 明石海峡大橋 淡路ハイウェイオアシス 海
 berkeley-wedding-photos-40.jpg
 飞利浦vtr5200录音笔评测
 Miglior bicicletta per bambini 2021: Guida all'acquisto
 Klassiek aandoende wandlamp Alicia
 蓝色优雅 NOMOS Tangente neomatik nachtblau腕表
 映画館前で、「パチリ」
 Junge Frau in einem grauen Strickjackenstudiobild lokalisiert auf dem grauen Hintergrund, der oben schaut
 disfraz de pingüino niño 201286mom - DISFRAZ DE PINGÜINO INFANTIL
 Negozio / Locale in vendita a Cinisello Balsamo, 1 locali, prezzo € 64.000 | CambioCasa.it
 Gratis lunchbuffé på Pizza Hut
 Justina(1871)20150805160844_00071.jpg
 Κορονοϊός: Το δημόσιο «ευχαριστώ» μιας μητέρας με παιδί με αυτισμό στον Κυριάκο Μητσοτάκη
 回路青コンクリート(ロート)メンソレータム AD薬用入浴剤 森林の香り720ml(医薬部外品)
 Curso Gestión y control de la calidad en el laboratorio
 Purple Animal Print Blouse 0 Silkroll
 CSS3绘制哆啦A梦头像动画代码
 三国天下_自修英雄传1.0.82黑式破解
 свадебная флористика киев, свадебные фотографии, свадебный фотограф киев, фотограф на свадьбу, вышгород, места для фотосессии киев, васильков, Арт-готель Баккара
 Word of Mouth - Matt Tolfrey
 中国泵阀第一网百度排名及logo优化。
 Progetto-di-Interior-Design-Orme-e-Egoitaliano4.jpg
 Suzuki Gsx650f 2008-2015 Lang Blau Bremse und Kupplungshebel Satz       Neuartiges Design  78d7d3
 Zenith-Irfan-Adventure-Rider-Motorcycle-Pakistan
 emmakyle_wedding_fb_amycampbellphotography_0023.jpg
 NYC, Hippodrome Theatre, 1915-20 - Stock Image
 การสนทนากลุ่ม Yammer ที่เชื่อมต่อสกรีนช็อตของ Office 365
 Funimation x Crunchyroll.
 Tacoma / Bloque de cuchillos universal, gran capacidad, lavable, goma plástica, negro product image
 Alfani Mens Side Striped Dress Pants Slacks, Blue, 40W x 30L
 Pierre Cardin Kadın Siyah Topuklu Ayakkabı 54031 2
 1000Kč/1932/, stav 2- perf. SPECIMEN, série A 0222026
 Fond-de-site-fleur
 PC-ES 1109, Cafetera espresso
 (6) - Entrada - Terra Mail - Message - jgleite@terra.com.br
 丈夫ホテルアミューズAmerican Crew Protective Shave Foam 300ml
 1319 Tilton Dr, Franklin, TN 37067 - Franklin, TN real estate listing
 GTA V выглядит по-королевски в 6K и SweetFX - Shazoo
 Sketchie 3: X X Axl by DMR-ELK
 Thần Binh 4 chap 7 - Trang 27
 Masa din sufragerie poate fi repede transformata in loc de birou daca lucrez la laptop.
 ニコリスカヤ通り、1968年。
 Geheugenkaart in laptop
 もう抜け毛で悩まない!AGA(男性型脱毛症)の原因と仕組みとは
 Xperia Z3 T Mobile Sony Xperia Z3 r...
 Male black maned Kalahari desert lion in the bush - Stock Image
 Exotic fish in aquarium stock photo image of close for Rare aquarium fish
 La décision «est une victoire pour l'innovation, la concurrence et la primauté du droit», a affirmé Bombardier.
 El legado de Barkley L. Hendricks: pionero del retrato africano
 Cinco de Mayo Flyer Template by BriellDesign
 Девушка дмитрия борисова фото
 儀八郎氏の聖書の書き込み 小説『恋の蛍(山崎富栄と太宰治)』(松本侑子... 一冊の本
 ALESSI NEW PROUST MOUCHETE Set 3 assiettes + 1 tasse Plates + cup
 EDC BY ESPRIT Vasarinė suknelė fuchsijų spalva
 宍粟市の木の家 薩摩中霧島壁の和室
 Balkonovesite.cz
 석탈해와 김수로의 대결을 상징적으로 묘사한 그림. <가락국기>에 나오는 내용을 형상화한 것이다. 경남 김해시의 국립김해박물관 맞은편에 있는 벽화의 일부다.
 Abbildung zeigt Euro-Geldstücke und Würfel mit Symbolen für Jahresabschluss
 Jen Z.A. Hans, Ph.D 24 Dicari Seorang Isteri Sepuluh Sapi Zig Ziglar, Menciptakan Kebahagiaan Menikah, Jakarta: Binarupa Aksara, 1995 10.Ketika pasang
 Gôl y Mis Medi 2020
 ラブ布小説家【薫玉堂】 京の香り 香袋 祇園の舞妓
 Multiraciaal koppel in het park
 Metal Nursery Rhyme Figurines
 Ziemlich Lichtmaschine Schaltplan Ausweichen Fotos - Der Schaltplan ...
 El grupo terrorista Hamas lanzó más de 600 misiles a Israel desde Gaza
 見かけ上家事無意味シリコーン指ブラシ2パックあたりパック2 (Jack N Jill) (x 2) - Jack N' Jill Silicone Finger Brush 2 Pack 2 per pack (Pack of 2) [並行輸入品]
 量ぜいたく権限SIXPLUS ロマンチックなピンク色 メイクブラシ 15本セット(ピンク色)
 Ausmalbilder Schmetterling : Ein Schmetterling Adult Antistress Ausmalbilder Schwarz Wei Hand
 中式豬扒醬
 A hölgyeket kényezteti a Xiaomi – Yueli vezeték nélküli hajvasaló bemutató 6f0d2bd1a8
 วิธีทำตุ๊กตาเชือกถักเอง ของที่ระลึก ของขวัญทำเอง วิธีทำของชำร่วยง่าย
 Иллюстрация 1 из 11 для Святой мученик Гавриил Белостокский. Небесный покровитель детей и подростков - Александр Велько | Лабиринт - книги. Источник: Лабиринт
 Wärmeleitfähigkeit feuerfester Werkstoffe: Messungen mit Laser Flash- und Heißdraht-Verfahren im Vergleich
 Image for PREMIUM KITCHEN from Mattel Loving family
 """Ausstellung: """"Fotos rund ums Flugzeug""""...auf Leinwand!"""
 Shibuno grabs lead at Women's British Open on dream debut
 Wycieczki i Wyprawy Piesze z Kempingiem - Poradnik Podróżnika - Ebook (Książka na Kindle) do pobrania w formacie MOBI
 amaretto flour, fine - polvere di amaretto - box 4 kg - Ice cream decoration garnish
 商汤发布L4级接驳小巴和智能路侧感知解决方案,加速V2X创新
-------
**How to complete this task**
For each line of the data that includes the word "Fotos", return a copy of it.

**Answer box**
 Ziemlich Lichtmaschine Schaltplan Ausweichen Fotos - Der Schaltplan ...
 """Ausstellung: """"Fotos rund ums Flugzeug""""...auf Leinwand!"""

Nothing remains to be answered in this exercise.